Immagini di repertorio del golpe dei colonnelli greci e di fucilazioni dei sovversivi spagnoli.

E ora la cronaca locale: la notte del trentuno dicembre del

sessantotto, un gruppo di studenti si raduna davanti alla Bussola, un noto locale della Versilia per

contestare lo spreco del capodanno.

Foto del locale e della serata a .

Ad attenderli un reparto della celere in tenuta antisommossa.

Parte un’intervista al Gismondi, la faccia terrorizzata, come se fosse ancora lì, appena dopo gli scontri. Dietro ombre di gente che fugge e rumori di spari.

GISMONDI

C’hanno caricato due volte, e poi ho sentito gli spari. Ma sono scemi? Saranno a salve! E invece no: noi siamo venuti qui a tirare i pomodori, e loro ci hanno sparato addosso.

Dopo il Gismondi, il volto di un altro ragazzo sui vent’anni.

CECCANTI

Stavo scappando, mi sono piegato in avanti e ho sentito lo sparo. Mi hanno preso qui: sotto il collo, un dolore fortissimo…

Adesso l’inquadratura si allarga e vediamo che è in sedia a rotelle.

Dallo studio il Masi riprende la parola.
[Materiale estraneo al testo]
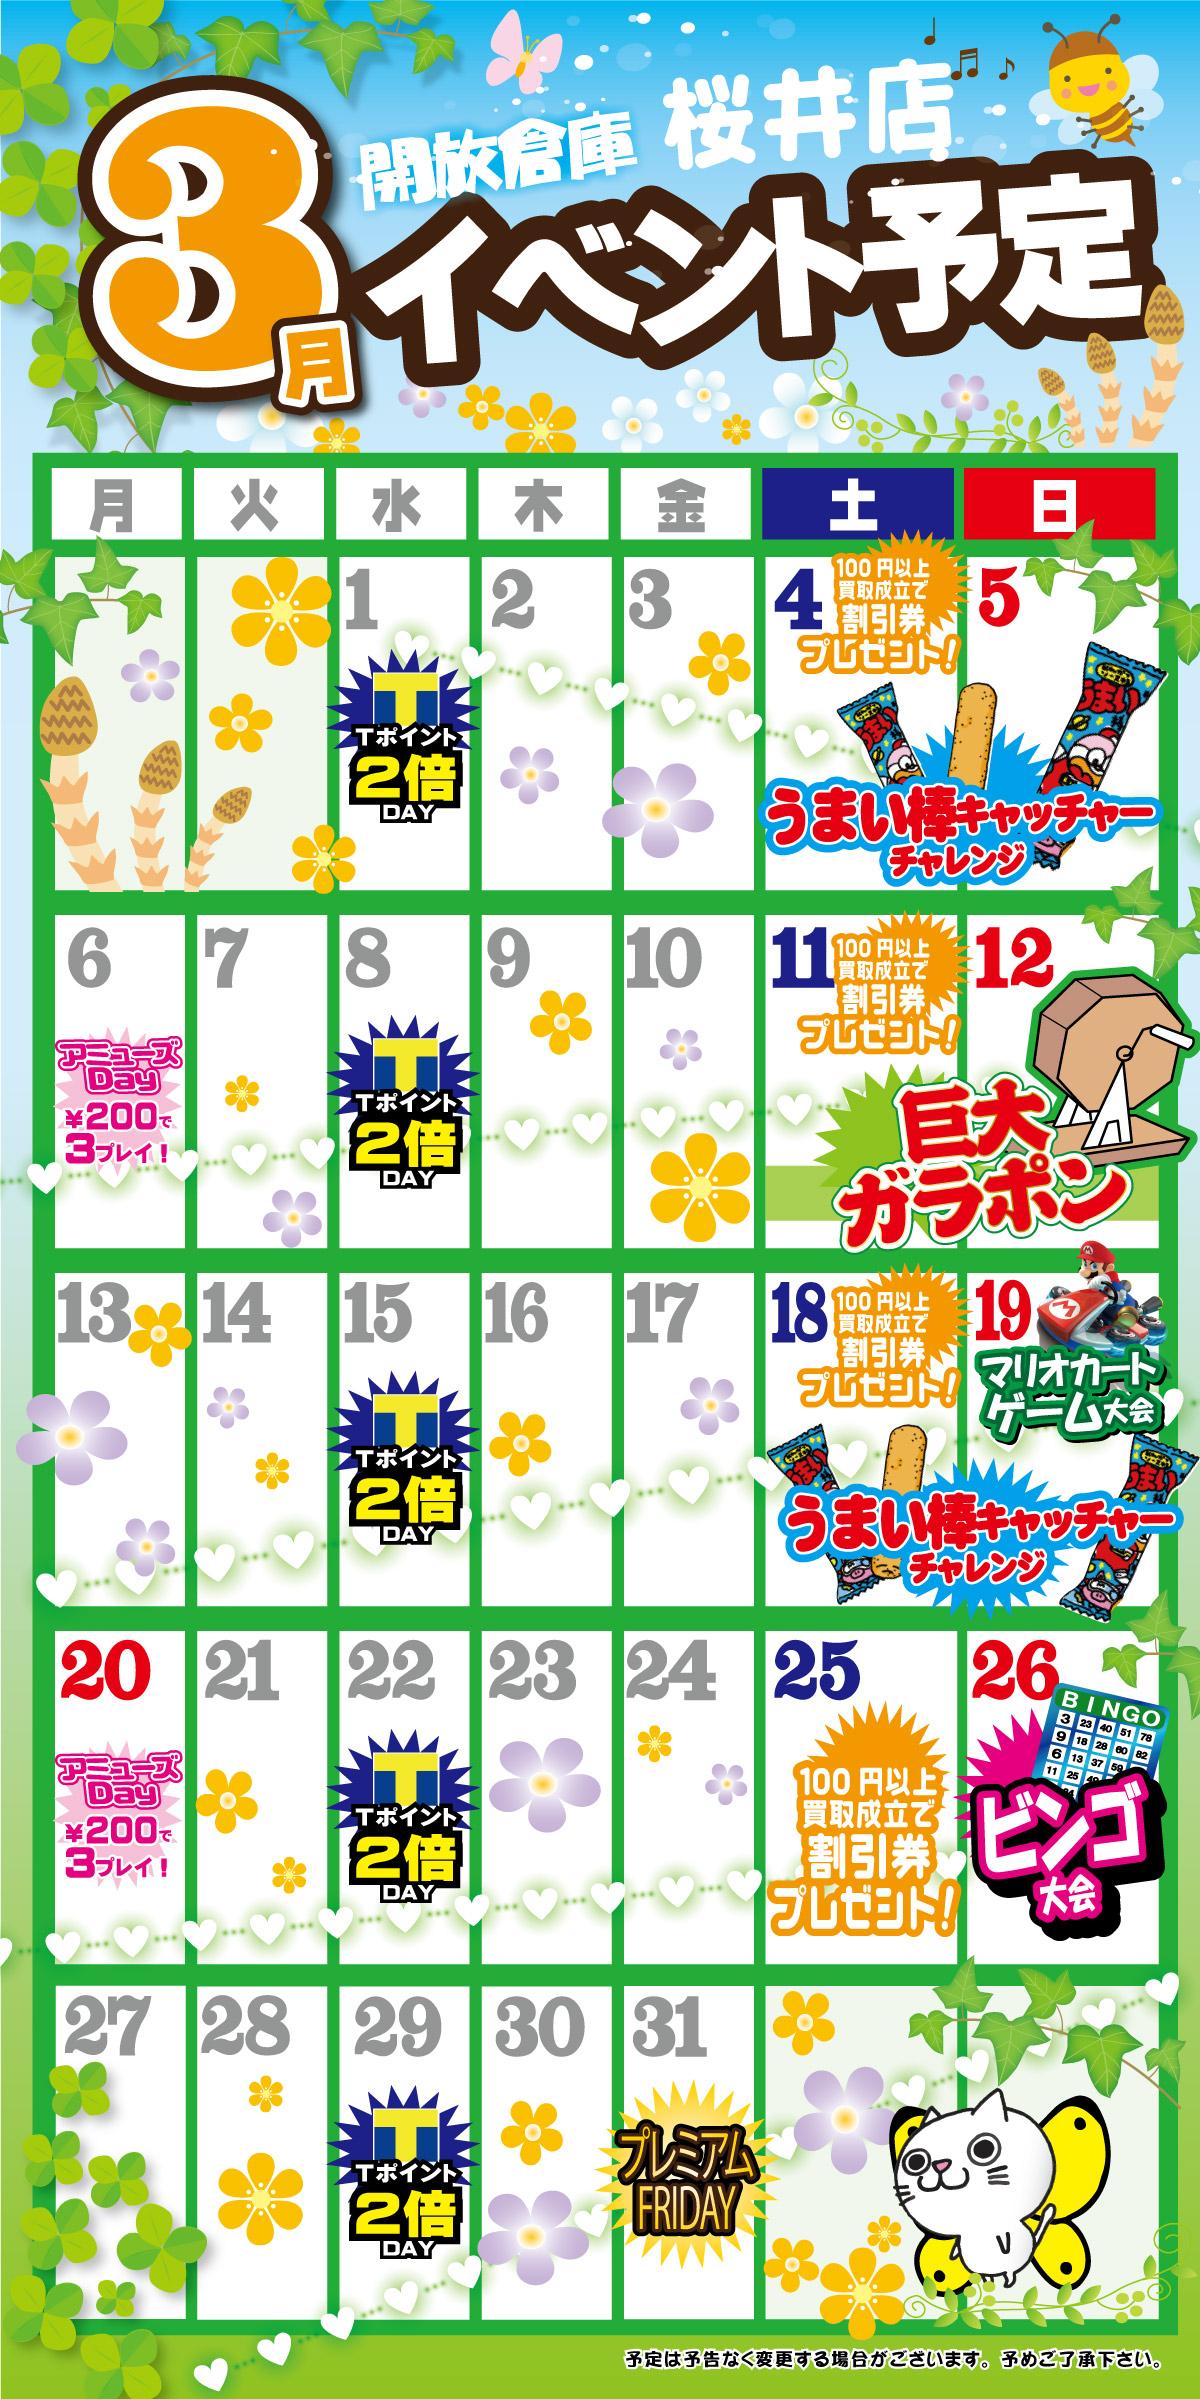 「開放倉庫桜井店」2017年3月イベントカレンダー更新!

MASI

È la prova generale per la strage di piazza Fontanta. Il dodici

dicembre del sessantanove una bomba uccide 13 persone.

Partono immagini di repertorio di Piazza Fontana. Si incolpano subito gli anarchici e quattro notti dopo il ferroviere Pinelli, durante un interrogatorio nella questura di Milano, vola dalla finestra dell’ufficio del quarto piano perdendo la vita.

Immagine di un uomo che precipita da una finestra seguito da una scarpa. Mentre è ancora in volo, nell’inquadratura del suo primo piano entra un microfono a gelato.

INTERVISTATORE (OFF)

È vero che ha gridato “questa è la fine del movimento?”

PINELLI

No, ma fra un paio di piani ci può scommettere!

INTERVISTATORE (OFF) Perché si è buttato?

PINELLI

C’era un caldo terribile. E poi c’erano delle tendine alle finestre di un colore pessimo. Non ce l’ho fatta più!

Ora le vere immagini del corpo di Pinelli, i funerali a Milano, la bara con la moglie accanto.